**Dataset excerpt:**

*** Block opens ***

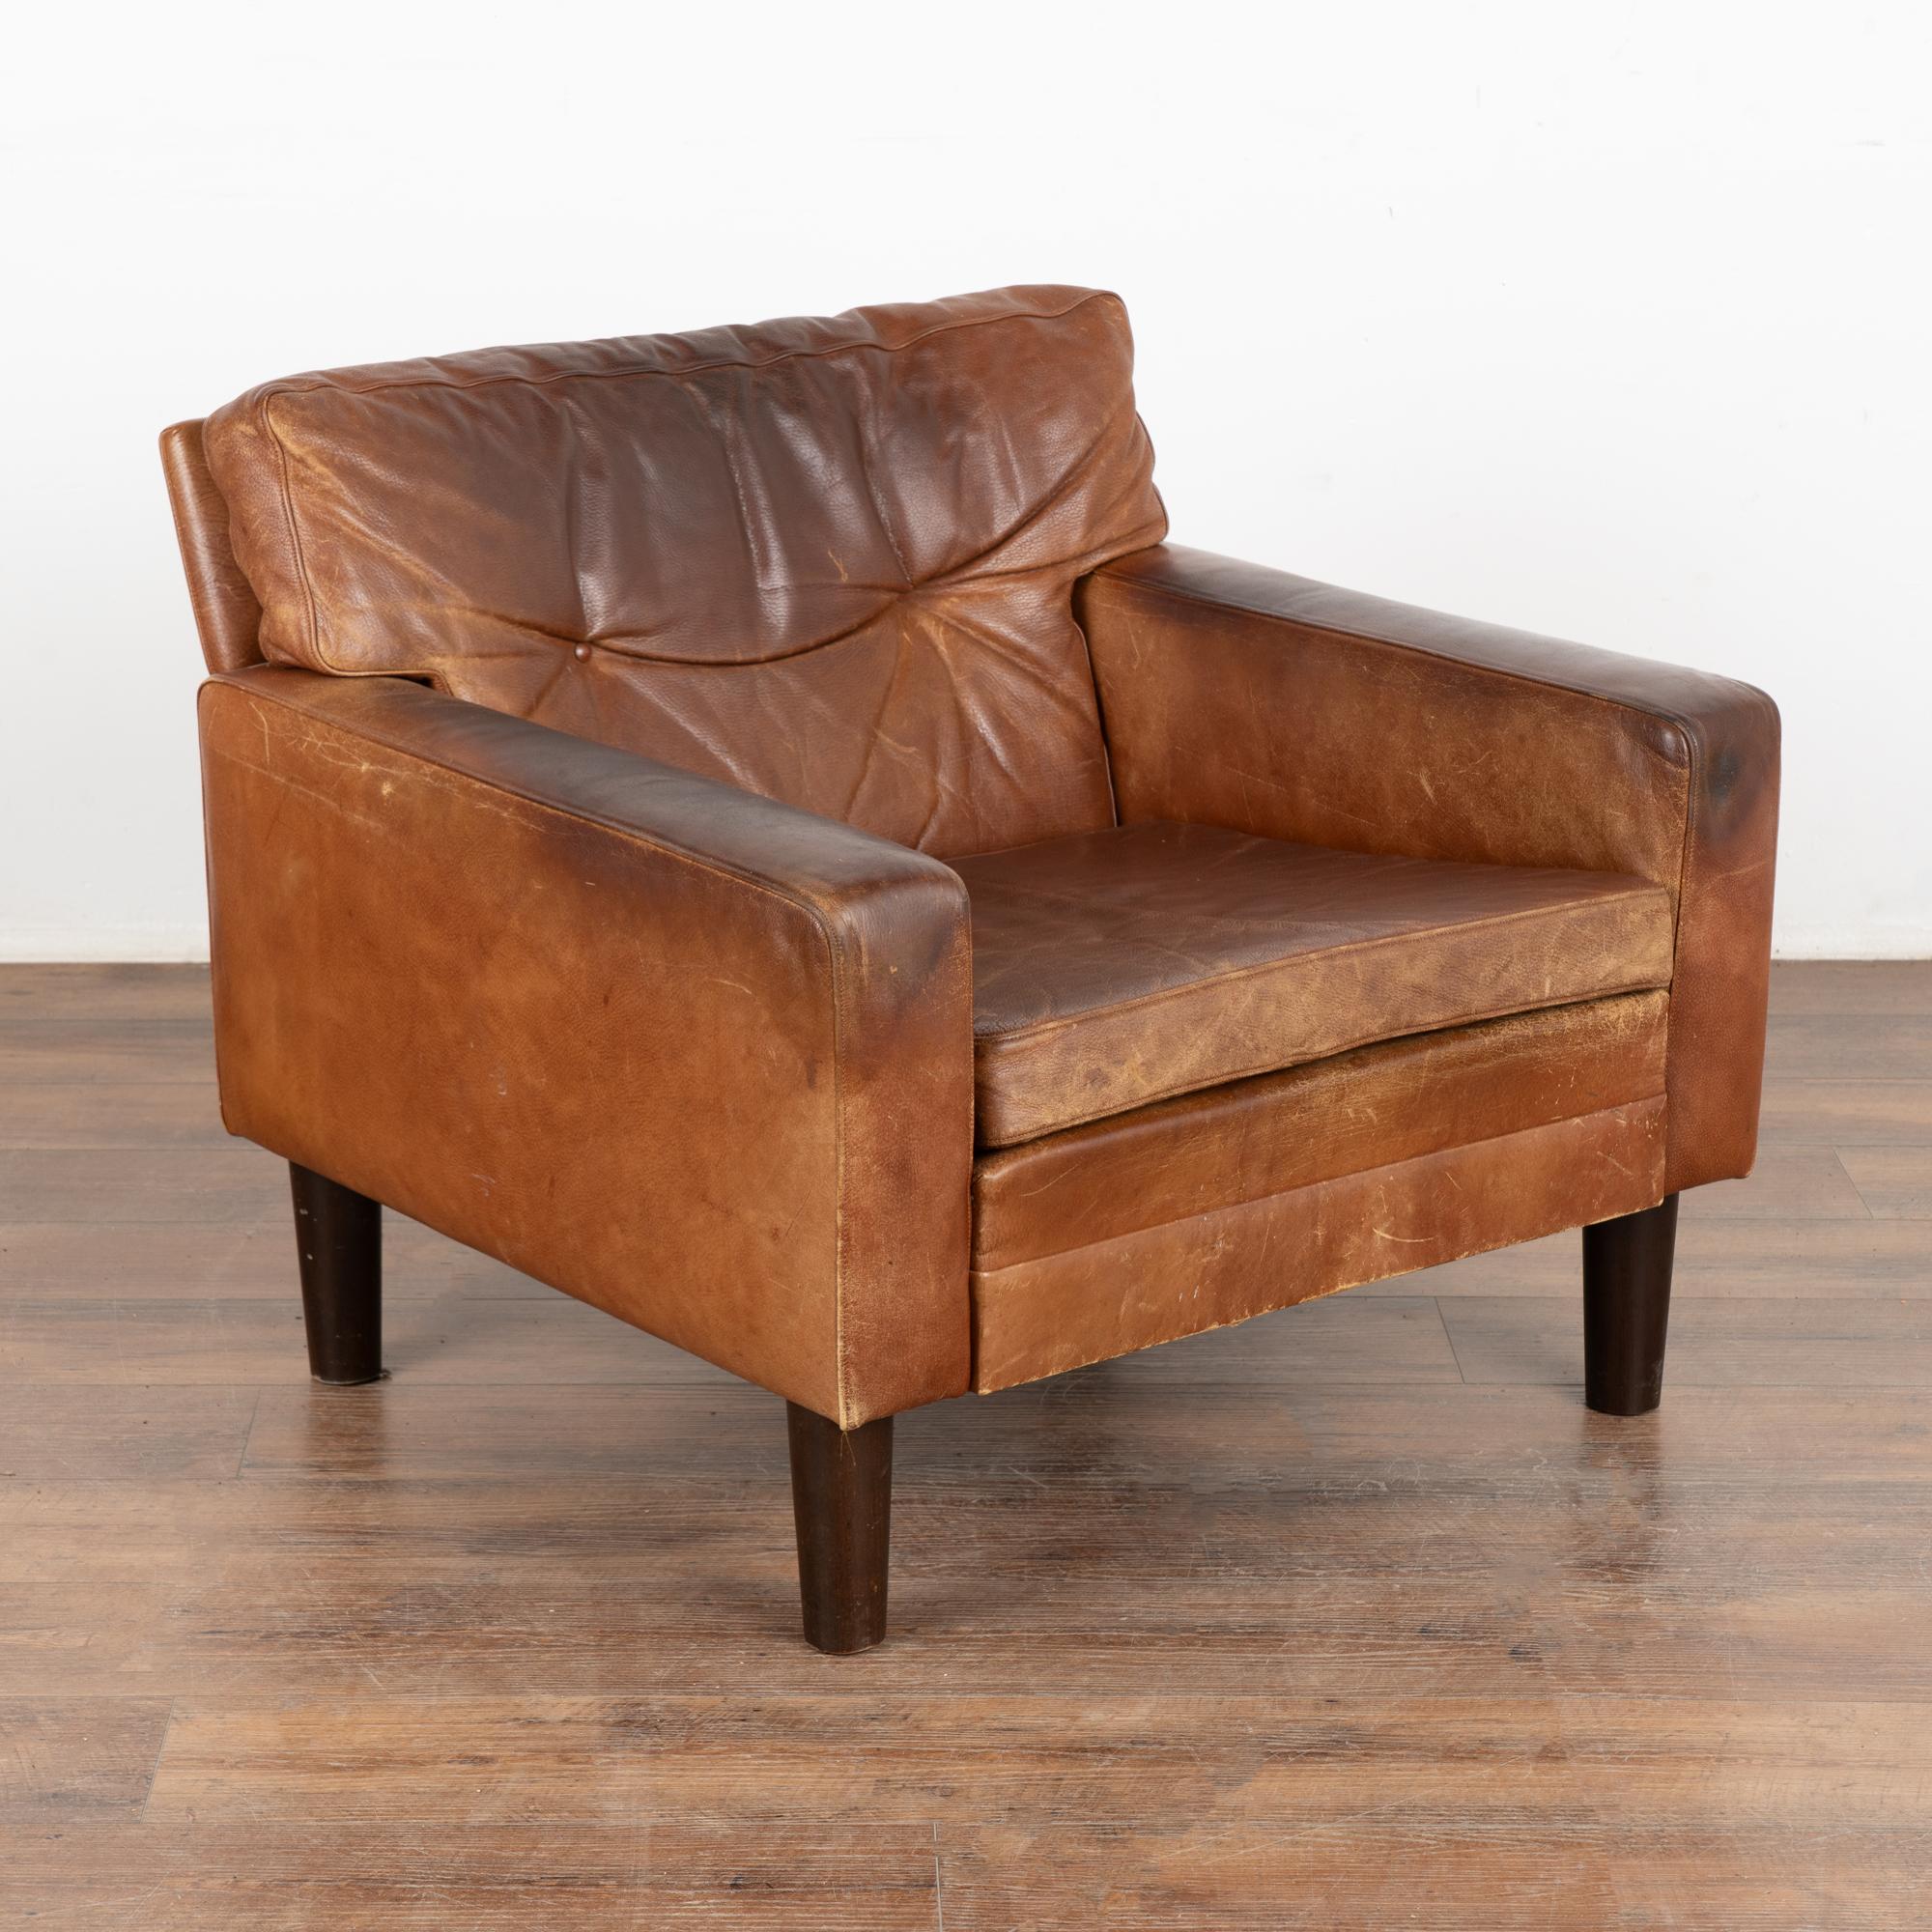 Moderner brauner Ledersessel aus der Mitte des Jahrhunderts, der auf harten Holzfüßen ruht.
Kissen mit Reißverschluss abnehmbar.
Verkauft in gebrauchtem Vintage-Zustand; diese Stühle sitzen niedrig. Das Leder weist typische alters- und

*** Block closes ***

**Task brief:** Would you reproduce the listing above in full and exactly, without its pictures?

**Task solution:**
 Moderner brauner Ledersessel aus der Mitte des Jahrhunderts, der auf harten Holzfüßen ruht.
Kissen mit Reißverschluss abnehmbar.
Verkauft in gebrauchtem Vintage-Zustand; diese Stühle sitzen niedrig. Das Leder weist typische alters- und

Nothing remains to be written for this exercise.